It important to make sure your variables are encoded correctly in an analysis. Incorrectly encoded variables can ultimately affect the results of any predictive models or analysis you produce leading to faulty conclusions. 

## Cleaning Step 2: Checking for Missing Values

Why is checking for missing data important?

Missing data can produce biased results or lead to lead to reduced statistical power of our analysis (by reducing our sample size)

Missing data are a common feature of messy, real-world data. How you choose to deal with missing data will have a big impact on your analysis and any predictive model you build. There are several ways to deal with missing data such as removing or imputing missing data. More details on handling missing data in R can be found [here](https://www.r-bloggers.com/missing-value-treatment/)

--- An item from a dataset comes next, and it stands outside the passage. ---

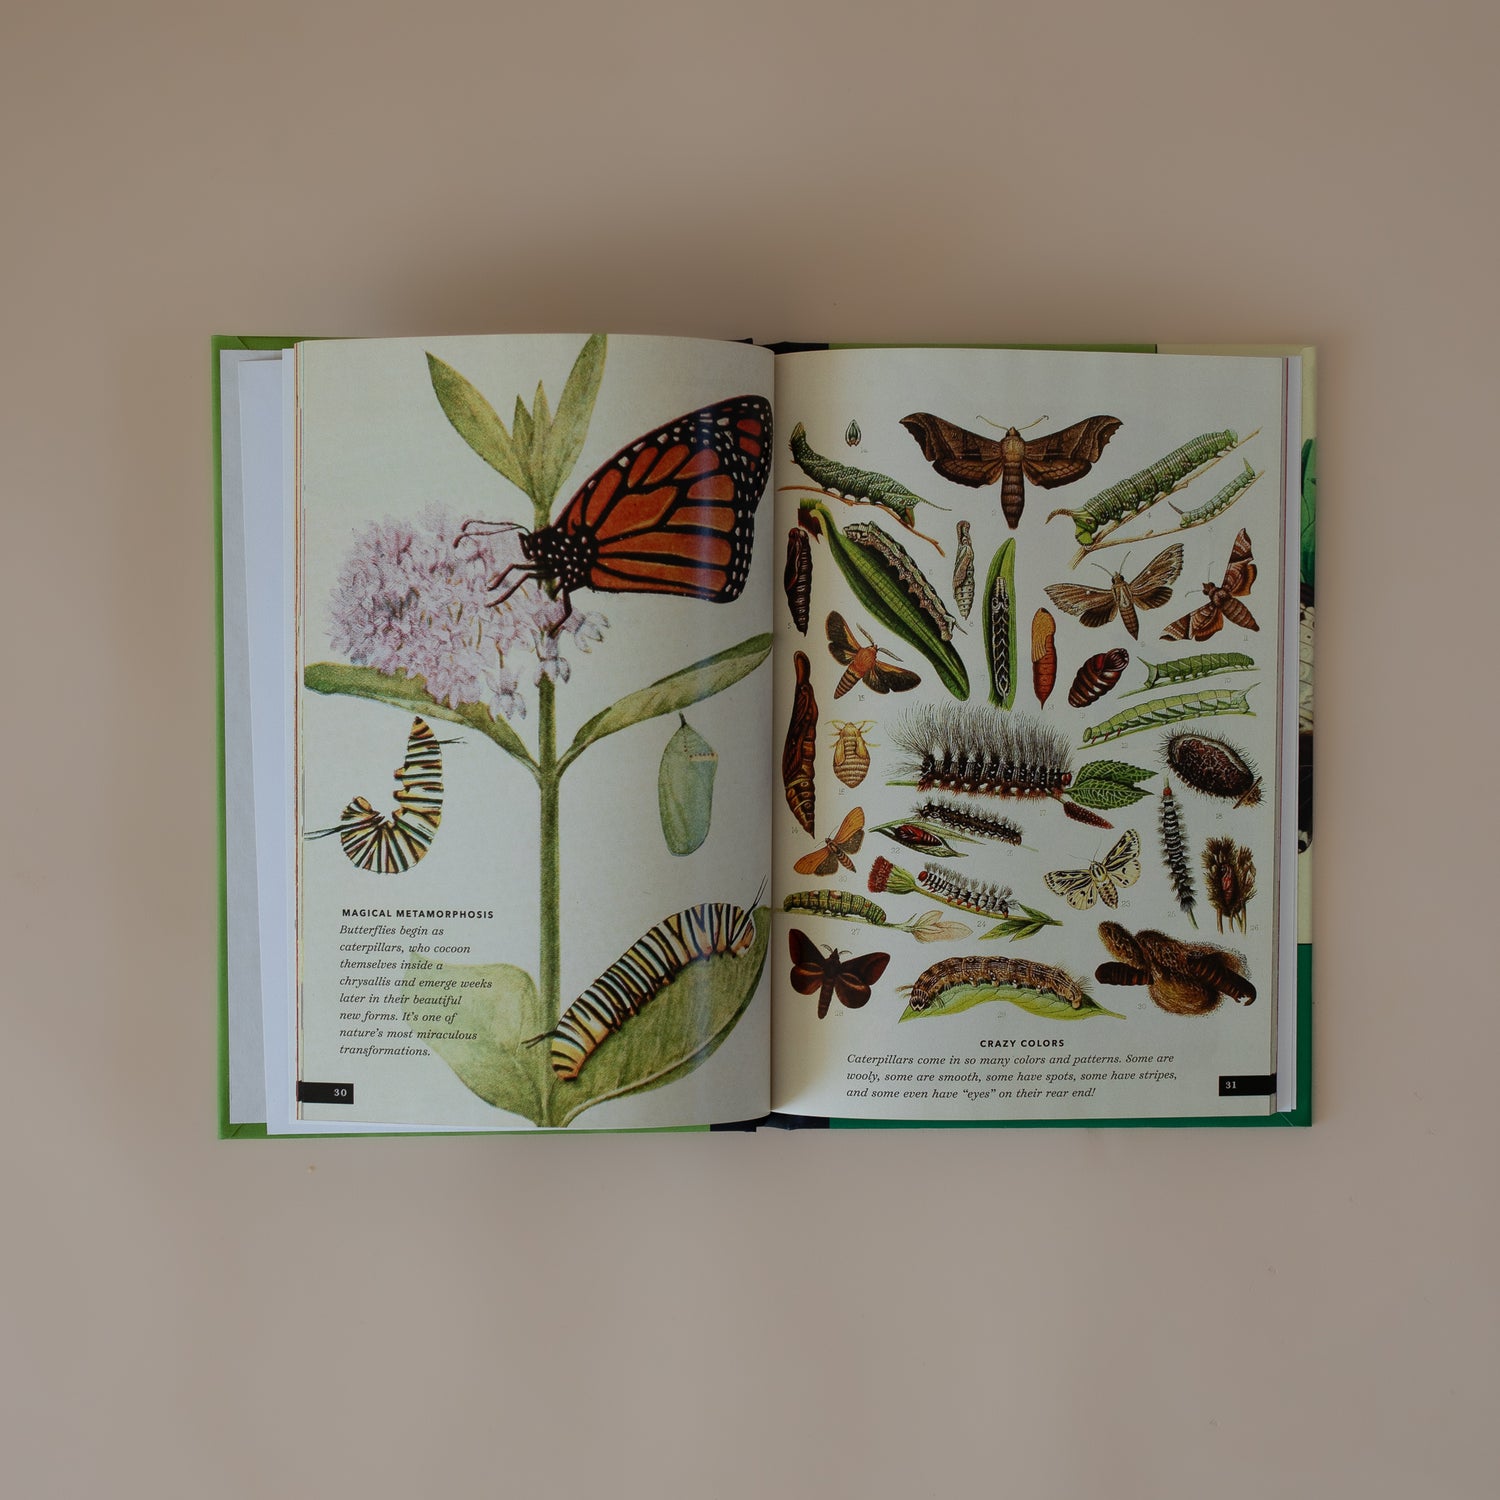 The Little Book Of Insects
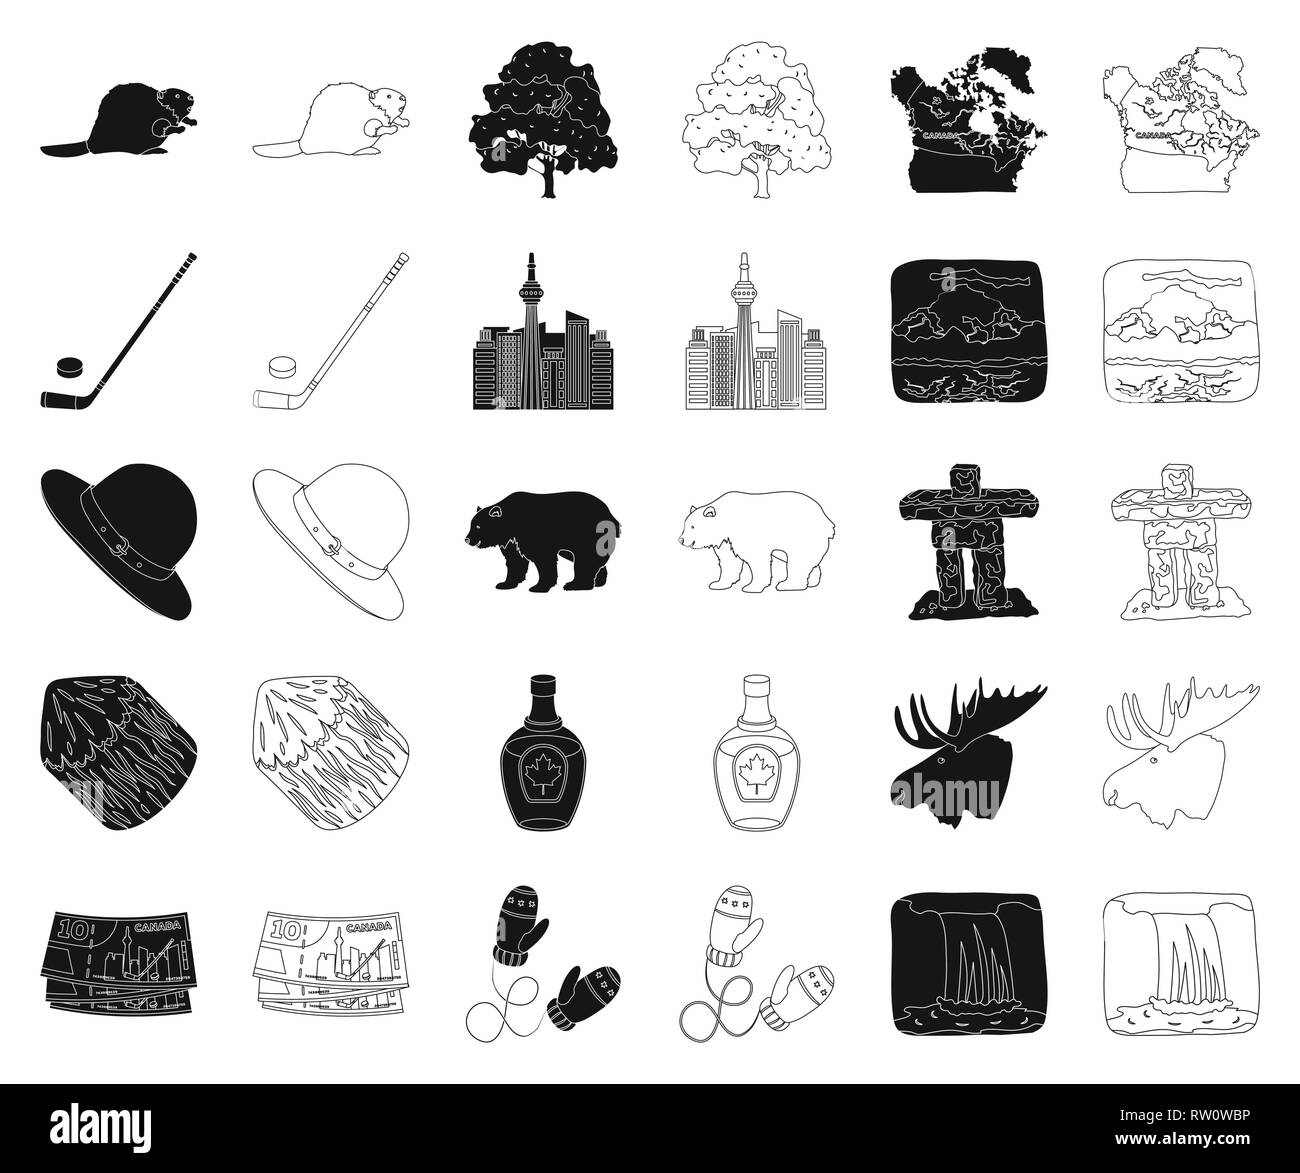 animal,attributes,bear,beaver,black,outline,bottle,building,canada,city,collection,country,culture,custom,deer,design,dollar,elk,features,fir,glove,handgrip,hat,horns,icon,illustration,isolated,landmark,log,maple,mountain,nation,nationality,nature,ocean,puck,ranger,set,sign,sky,snow,stick,stone,symbol,syrup,territory,travel,tree,vector,waterfall,wild Vector Vectors , Stock Vector

Lets examine the data for missing values now.

In [None]:
cat('Number of Missing Data for Each Variable:')
sapply(heart_disease_data, function(x) sum(is.na(x)))

Overall there does not seem to be anything suspicious about the number of missing values. However, there is one important pitfall to be careful of. 

Take a look at the variable `number_vessel_fluoroscopy`

In [None]:
table(heart_disease_data$number_vessel_fluoroscopy)

We can see there are a significant number of `?'s`. However R does not recognize these as missing. Lets fix this. 

In [None]:
heart_disease_data[heart_disease_data == '?'] <- NA
table(heart_disease_data$number_vessel_fluoroscopy, exclude = NULL)

Much better! Always be mindful that different dataset will code missing data differently. It isn't always a given that whatever statistical software you are using will recognize the data as missing. It's always important to inspect your data closely. 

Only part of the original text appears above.